Showing that Brownian motion will hit sphere with an exact integer distance

Question

Let $B=(B_t)_{t\geq0}$ be a three-dimensional Brownian motion starting from $x\in\mathbb{R}^3$. Show that, for all $r>0$ and all $x$, $$\mathbb{P}_x(|B_t+z|=r\text{ for some }t\geq0\text{ and some }z\in\mathbb{Z}^3)=1.$$ I really can't see how to get started with this - any advice would be greatly appreciated!

Answer 1

First, since the BM will eventually move arbitrarily far from the origin, we have $\limsup\lvert B_t + z \rvert = \infty$, so if $\lvert{B_0 + z \rvert} < r$ for any integral point $z$ then we are done by IVT.
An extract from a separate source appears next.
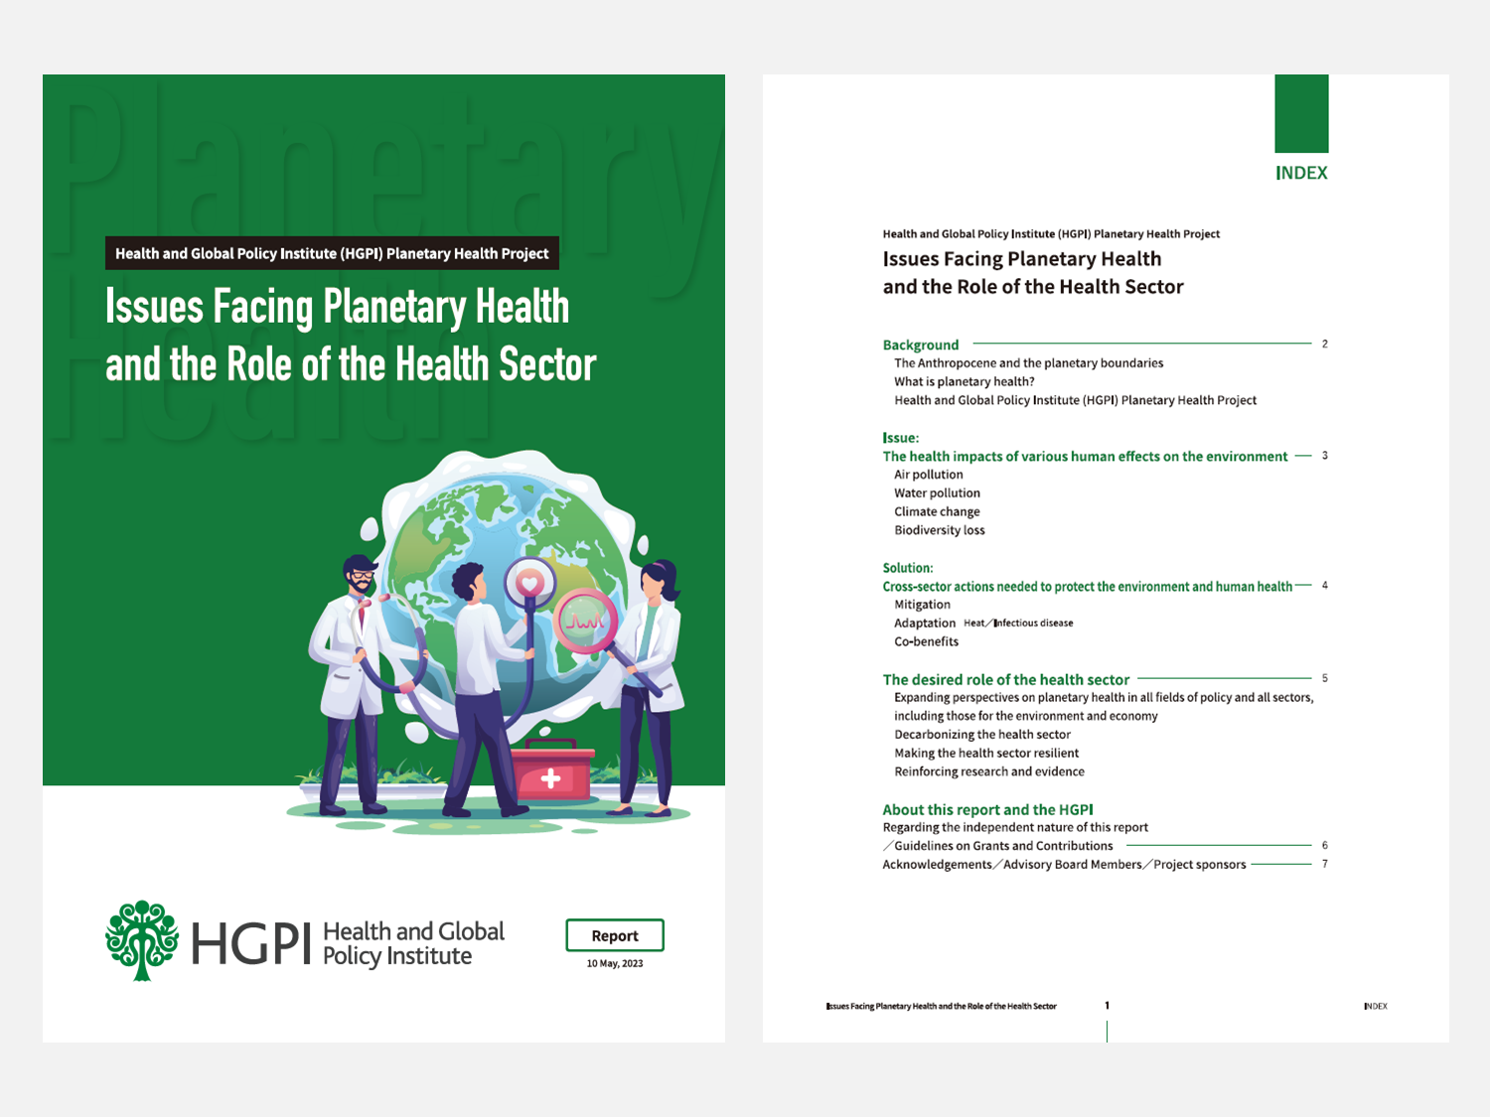 [Publication Report] Planetary Health Promotion Project “Issues Facing Planetary Health and the Role of the Health Sector” (May 10, 2023)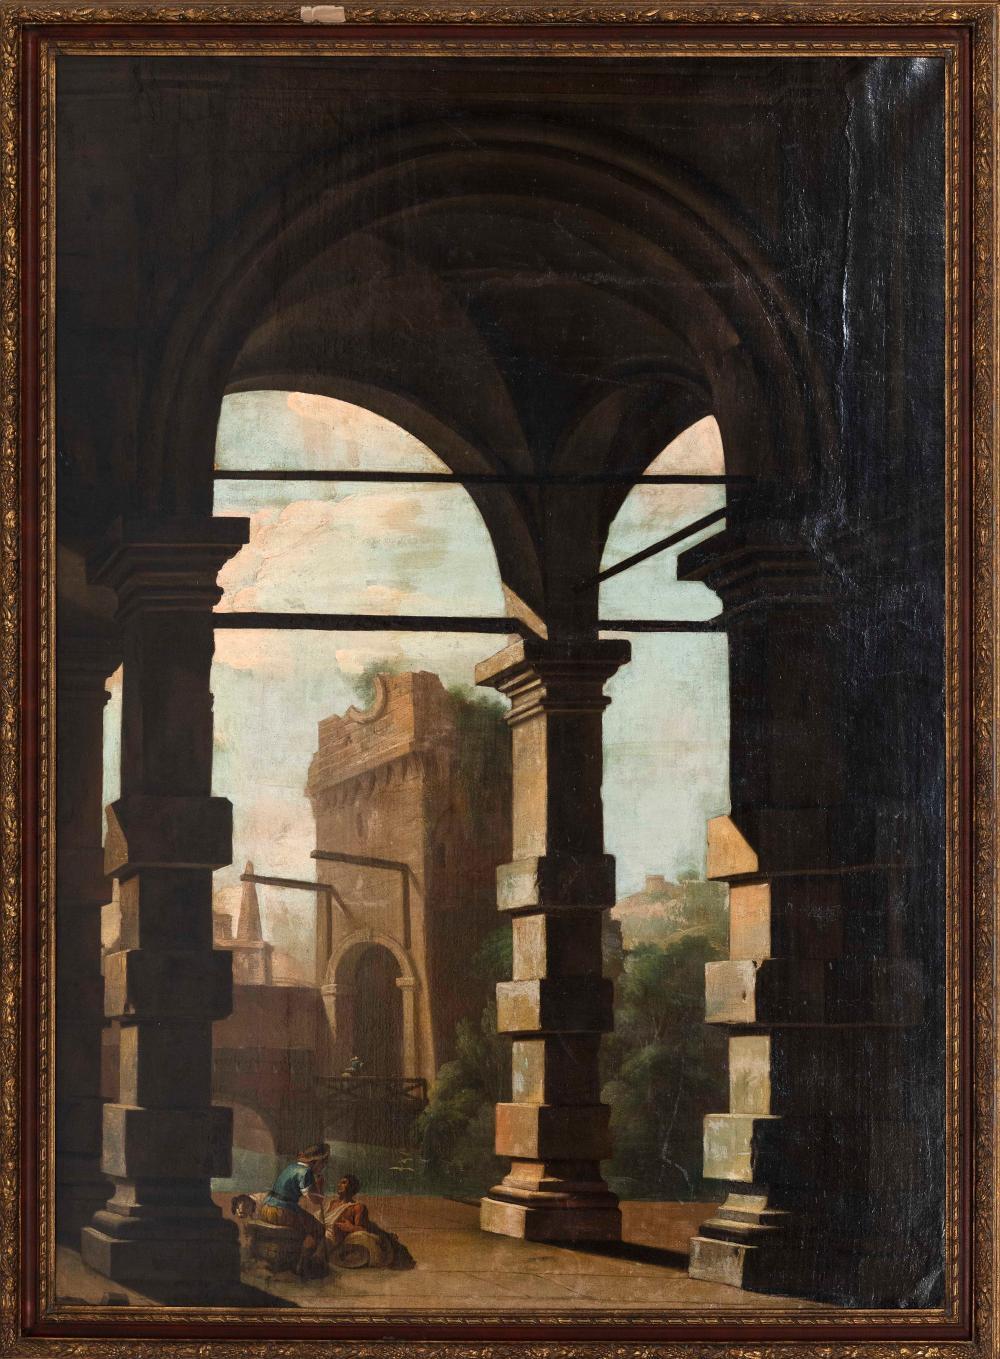 Pair of grand scale oil on canvas Capriccios by a Follower of Viviano Codazzi. Mid to late 17th century of ruins and figures. Neoclassical landscape. Beautifully imagined arches with figures, riding horseback, and engaging in activities.

Now suppose $\lvert{B_0 + z \rvert} \geq r$ for any integral point $z$. It suffices to prove that there exists an integer $n$ such that $\lvert B_n + z\rvert \leq r$. To show this, note that conditioned on $B_{n - 1} = x$, $B_n$ follows a normal distribution with mean $x$ and covariance matrix $I$. Under this distribution, the probability that $\lvert B_n + z\rvert \leq r$ for some integral $z$ is at least $\epsilon(r)$ for some constant $\epsilon(r) > 0$ (You can consider the sphere closest to $x$). Thus, for any $x$, $$\mathbb{P}(\forall z \in \mathbb{Z}^3, \lvert B_n + z\rvert \geq r \vert B_{n - 1} = x) \leq 1 - \epsilon(r).$$ Now taking the product with respect to $n$ gives the desired claim.